No matter who delivers the best lines, it remains that Trump is that rarest of creatures, a proven prime-time star. So far, Cuban is just one of the nation’s few hundred billionaires. Can “Benefactor” change that?

ABC better hope it can. Trying to cash in on Cuban’s notoriety among sports fans, the low-rated network is pairing the eight episodes of “Benefactor” with “Monday Night Football,” ABC’s most-watched program. But that means the Cuban show will confront a difficult scheduling issue. In much of the country, “Benefactor” airs at 8 p.m. Eastern time, leading into football. But West Coast viewers won’t see the program until after the game is over at 10 p.m. -- right opposite CBS’ hit crime drama “CSI: Miami.” As Andrea Wong, executive vice president of alternative programming, specials and late night for ABC Entertainment, said, “There’s no question it’s a tough time period.”

The hope is that, just as viewers were lured by Trump’s vaudevillian take on a scowling corporate alpha male, they will be similarly taken by Cuban’s mix of approachability and swagger.
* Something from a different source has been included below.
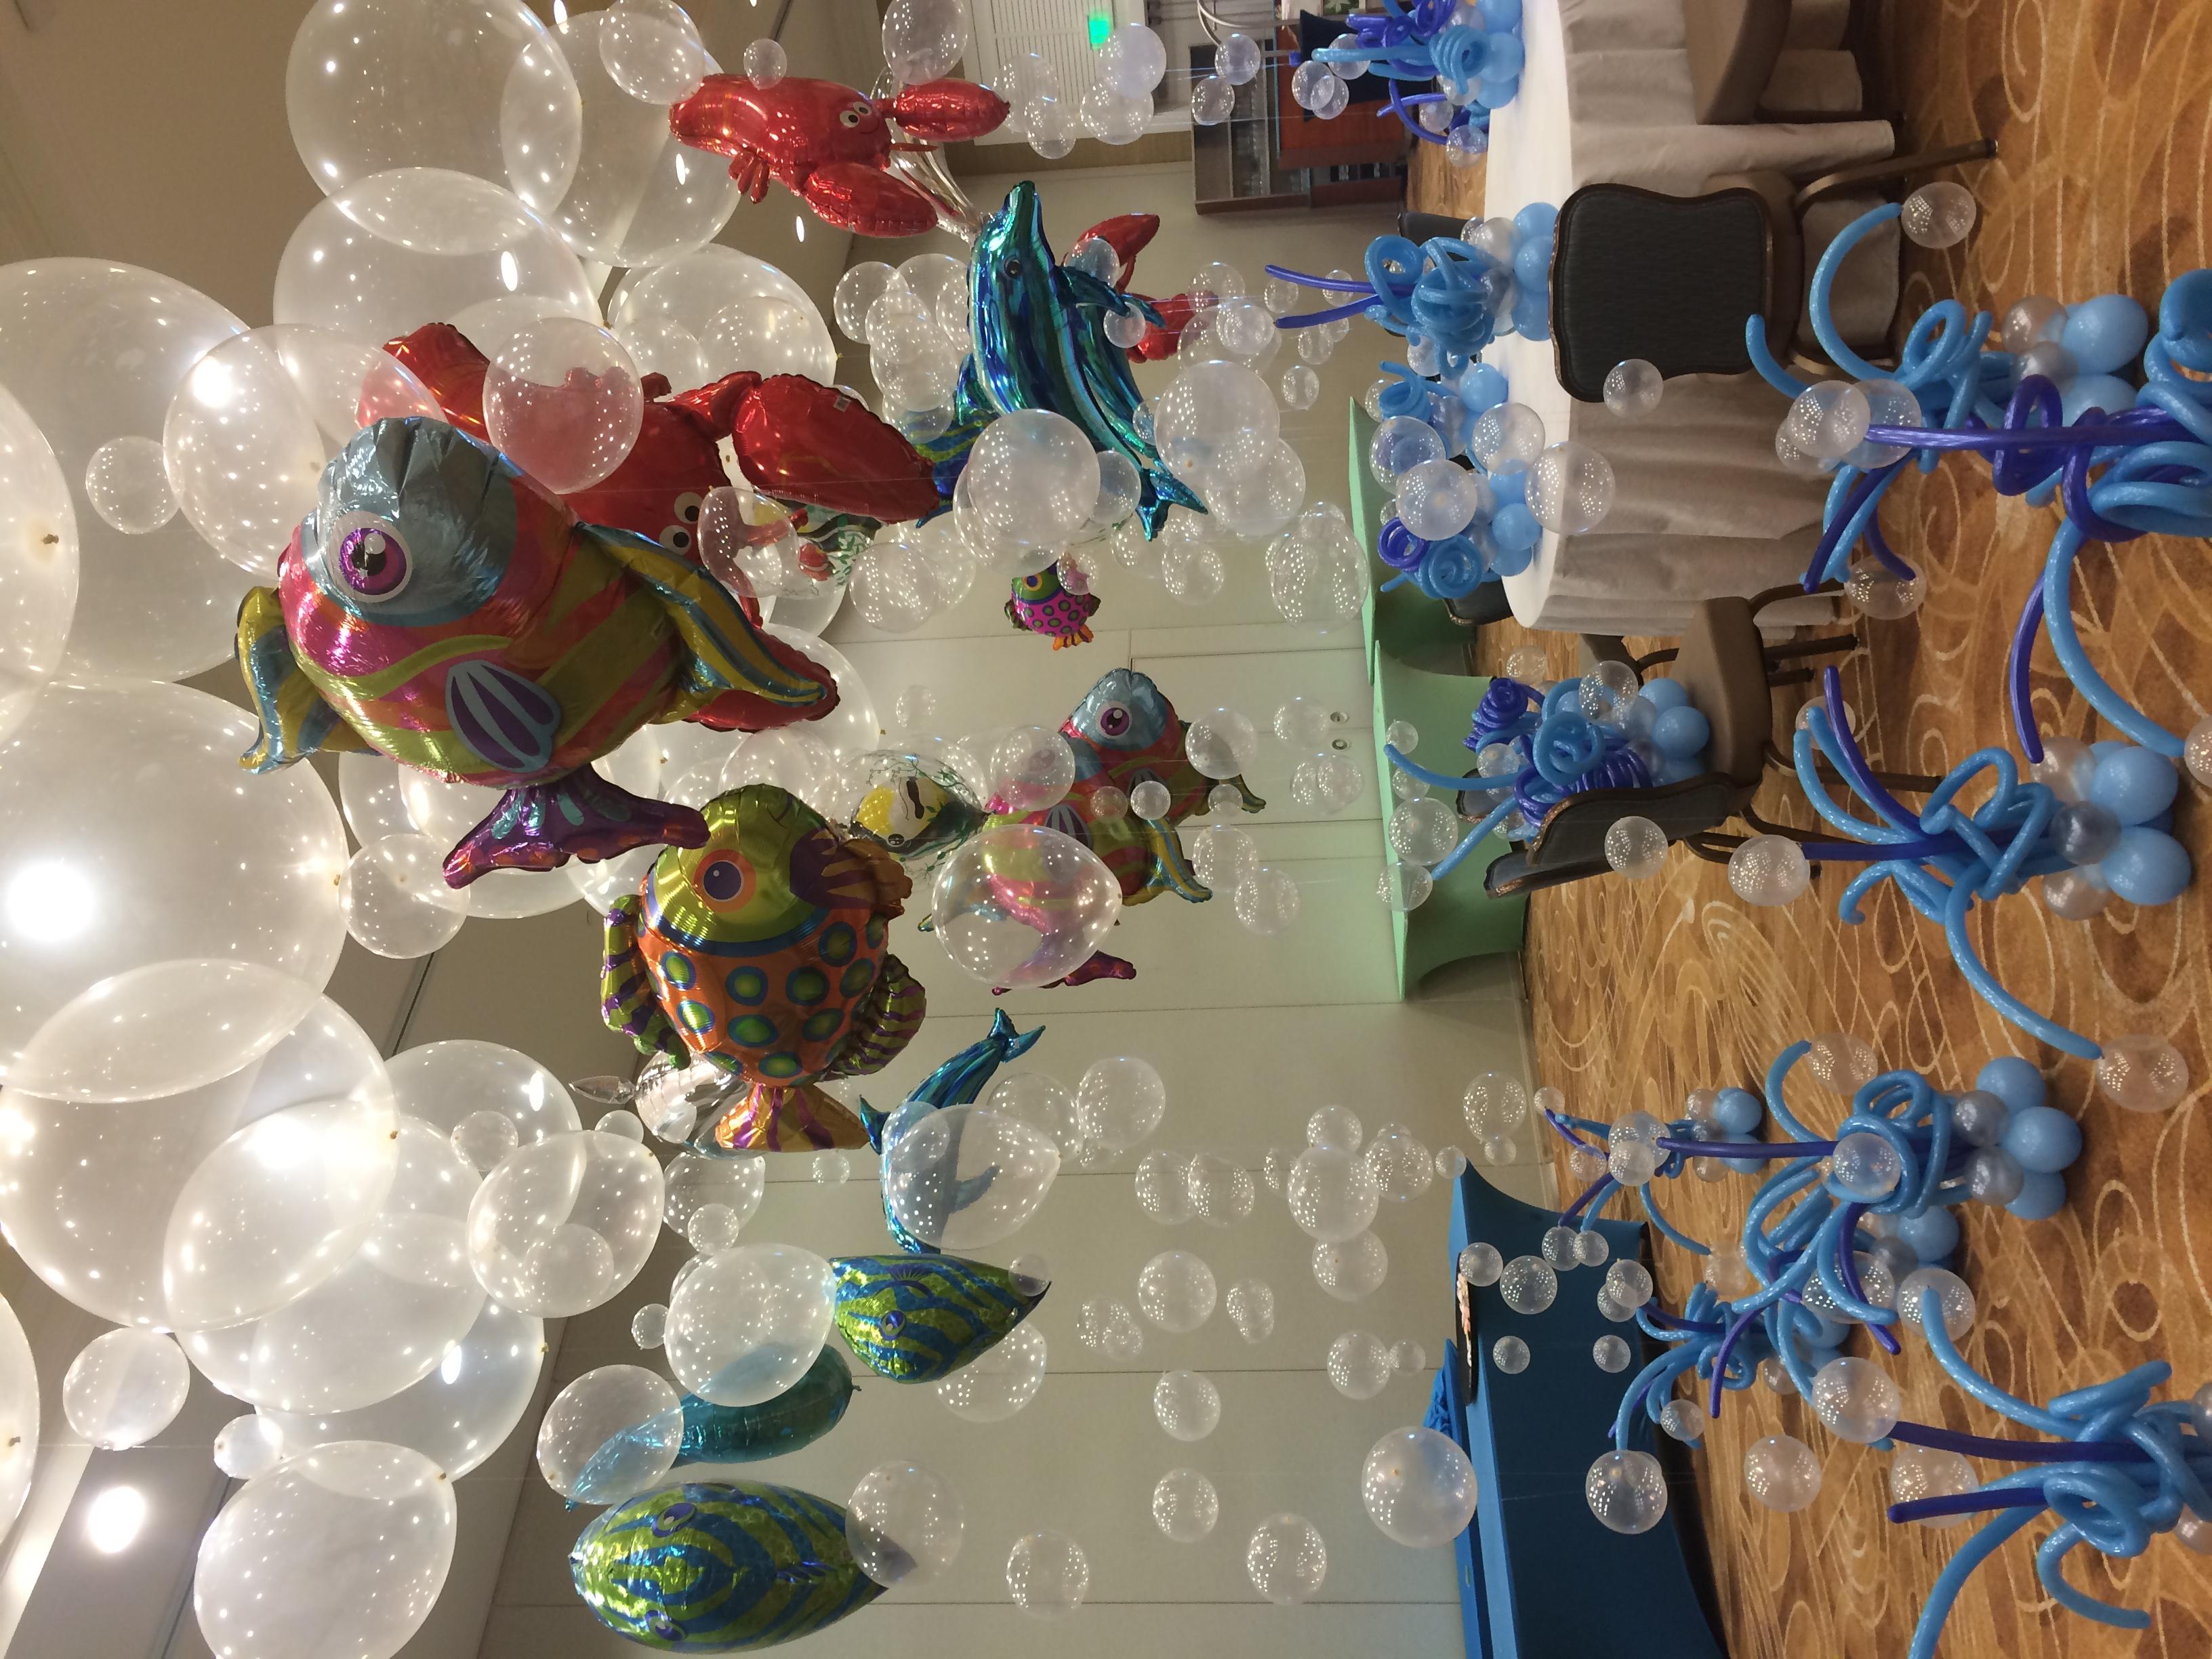 Balloon Bubble & Fish Centerpiece

Cuban “doesn’t necessarily seem like someone who would be successful at life,” said David Young, the London-based creator and executive producer of “Benefactor.” “He didn’t necessarily go to the right schools, didn’t necessarily get the right education.”

The story of how Cuban elbowed his way into the billionaires’ club has attained the status of new-economy legend. After studying business at Indiana University, he started his entrepreneurial career in Dallas (“My car could make it [there], and it was a fun city,” he explained). He co-founded MicroSolutions, a tech company that was sold to CompuServe in 1990. But a far bigger score came at the height of the Internet frenzy nearly a decade later, when Yahoo! scooped up Cuban’s company Broadcast.com for $5.7 billion. While retaining his regular-guy demeanor, Cuban developed a ruthless business philosophy that could easily guide one of the young sharks sucking up to Trump on “Apprentice”: “Whenever you’re doing a deal, look around the table and try to find the sucker. If you don’t see him, the sucker is you.”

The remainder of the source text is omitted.